Research

In ENAMARE I will integrate research on well-founded phenomena as rhythms and entrainment in an original interdisciplinary model explaining aesthetic component of experience functionality in sense-making and engagement. Unlike past studies, I will offer a deep study of the aesthetic implication in the processes through which we reappraise the environment and ourselves. The most innovative methodological aspect of this project is the implementation of the enactive approach in a model that links agent and environment. By doing this, I follow innovative lines of research proposed in Giovanna Colombetti’s The Feeling Body: Affective Science Meets the Enactive Mind, Schiavio et al.’s Enacting musical emotions, sense-making, dynamic systems and the embodied mind or Shaun Gallagher’s Enactivist Interventions: Rethinking the Mind.

In the last years, there has been a coming together between philosophy and neurosciences to consider aesthetic as a particular component of general perception, which constrains and conditions it in everyday life. Despite its big implications, there is still a lack of models addressing this ubiquitous influence of the aesthetic. This has been acknowledge by Pearce et al. and Mark Johnson on recent papers. Most of contemporary approaches to aesthetics either still dwell exclusively with artworks, lack a robust interdisciplinary framework, or have a narrow focus. This is the gap this project intends to fill.


The three main aspects addressed in this project are the following:

1. Aesthetics and perception

In the last decades, both the scope and the methodologies of research in aesthetics have widened significantly. There is a growing interest in studying aesthetics from interdisciplinary naturalist perspectives. This trend, often referred to as neo-pragmatist, thinks of the aesthetic as involved in general interactions between embodied agents and their environment.

2. Rhythm and entrainment

In ENAMARE rhythm and entrainment will be regarded as a dyad that enacts and conveys information back and forth between agent and environment. In line with John Dewey, rhythm is to be understood as the operation through which objects and events have their effect in experience, affording us the awareness of what we are doing and undergoing. For not only time-extended events, but also apparently static objects or quotidian events as social interactions are able to convey rhythms that affect our bodily rhythms.

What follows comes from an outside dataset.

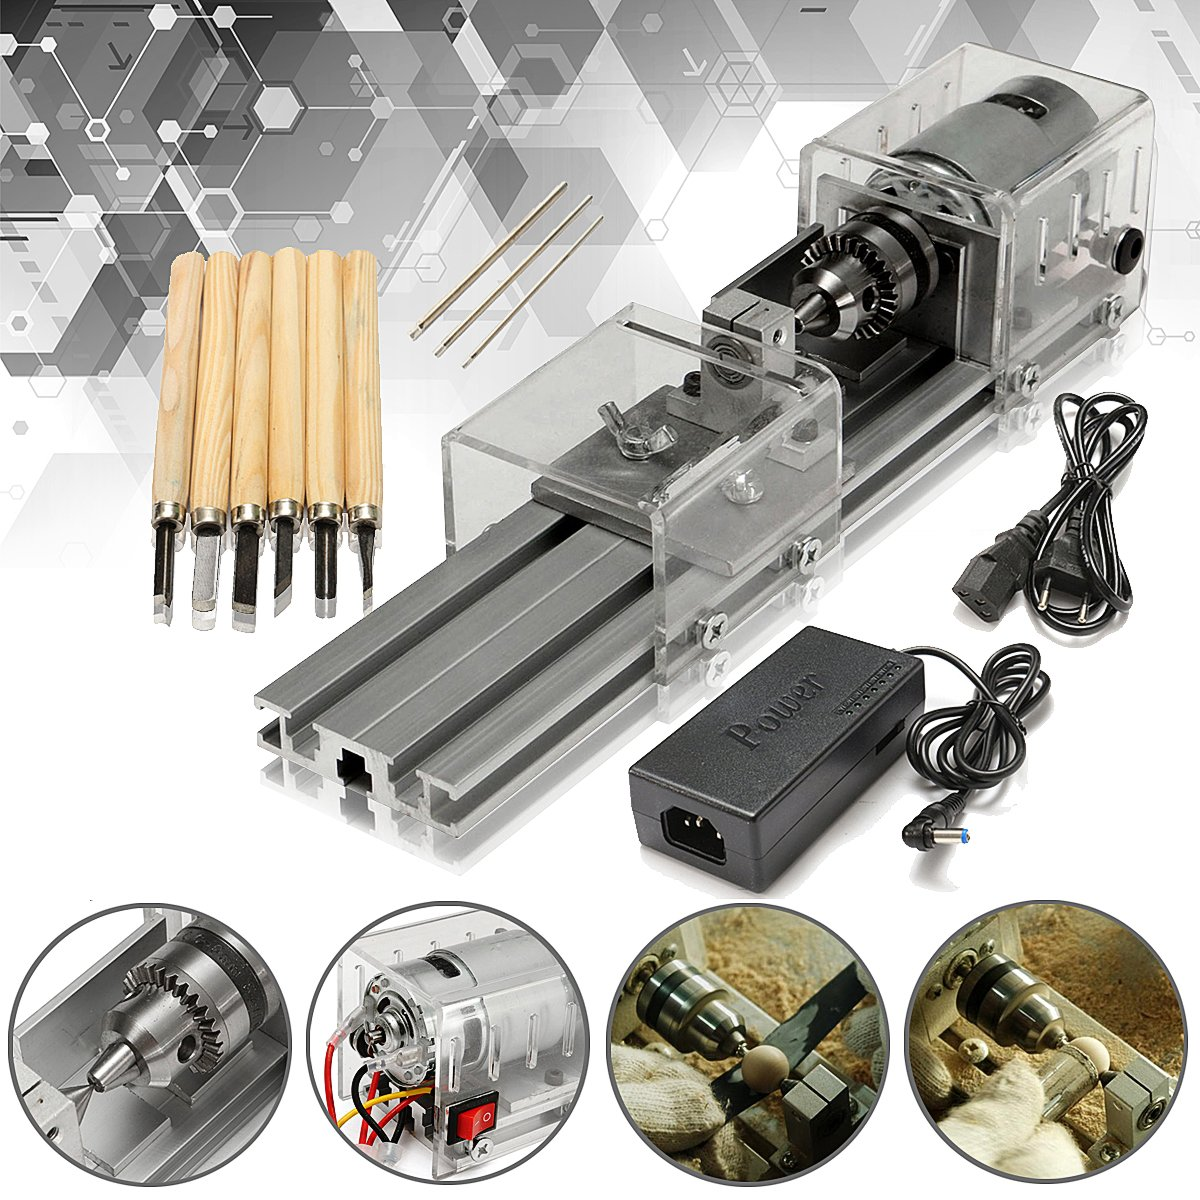 LB-01 Mini Lathe Beads Machine Woodworking DIY Lathe Polishing Drill Rotary Tool DC 24V by SPK603

3. Enactive approach and dynamic systems theory

The enactive approach is part of the 4E models of cognition, which participate of the idea of perception as an emerging time extended process caused by a coupling between an agent and the environment. This stress on the temporal nature of sense-making and engagement processes typical of enactivism makes dynamical systems theory (DST) an extremely useful and synergic way to analyse cognitive processes. DST is a branch of mathematics used to study how systems maintain unity and generate patterns through reciprocal influence; that is, it seeks a flexible, time-dependent, and integrated view on processes characterizing them in their temporal evolution, not through static snapshots.